А потом… он и сам не запомнил, в какой из летних дней впервые услышал в закатной тишине приятный голосок, тихо выводивший печальную песню.
Ее слова были так созвучны горькой обиде, бушевавшей в его душе, что милорд слушал затаив дыхание. И в следующий вечер был рад, как старому другу, нежному голосу, вновь зазвучавшему в гаснущих сполохах заката. С тех пор он взял за привычку откладывать в это время все дела и, распахнув окно, слушать нехитрый мотив.
А когда в один прекрасный вечер не услышал знакомой песни, был опечален — почти как любовник, не дождавшийся обещанного свидания с возлюбленной.
Но смолчал, хотя потом весь день был не в духе.
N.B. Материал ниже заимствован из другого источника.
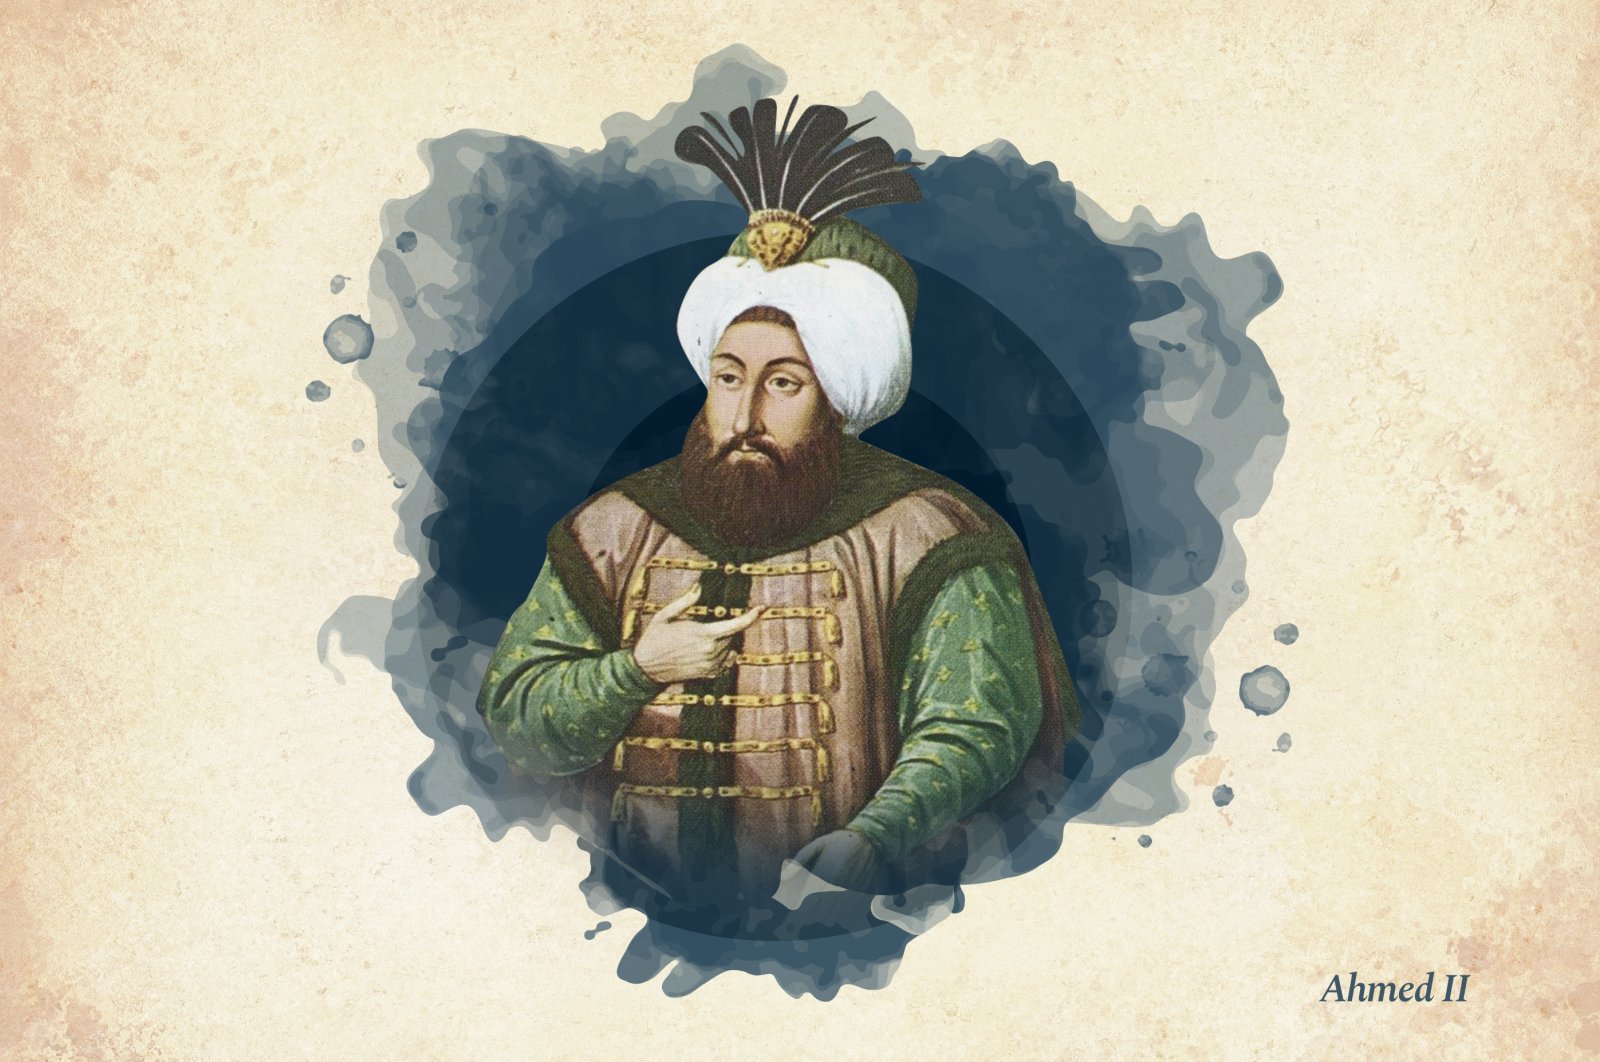 This widely used illustration shows Sultan Ahmed II, the 21st ruler of the Ottoman Empire.

А когда и на следующий вечер не услышал привычного пения, вызвал управляющего.
— Узнай, куда подевалась женщина, что пела вечерами печальные песни, — бросил приказ и приготовился ждать, пока управляющий проведет расследование.
— Это Зося, что ли? — хмыкнул в ответ всезнающий слуга. — Да куда ж она могла деться? На кухне, поди, ужин готовит.
— А почему… не поет? — сам удивляясь своему любопытству, спросил милорд.
— Так выздоровел ведь Хенрик! Ну, сынок ее маленький. А когда он здоровенький, то и без песен засыпает, как набегается. Уж третий годок ему! — с удовольствием объяснял управляющий, довольный, что может подробно ответить на вопрос господина.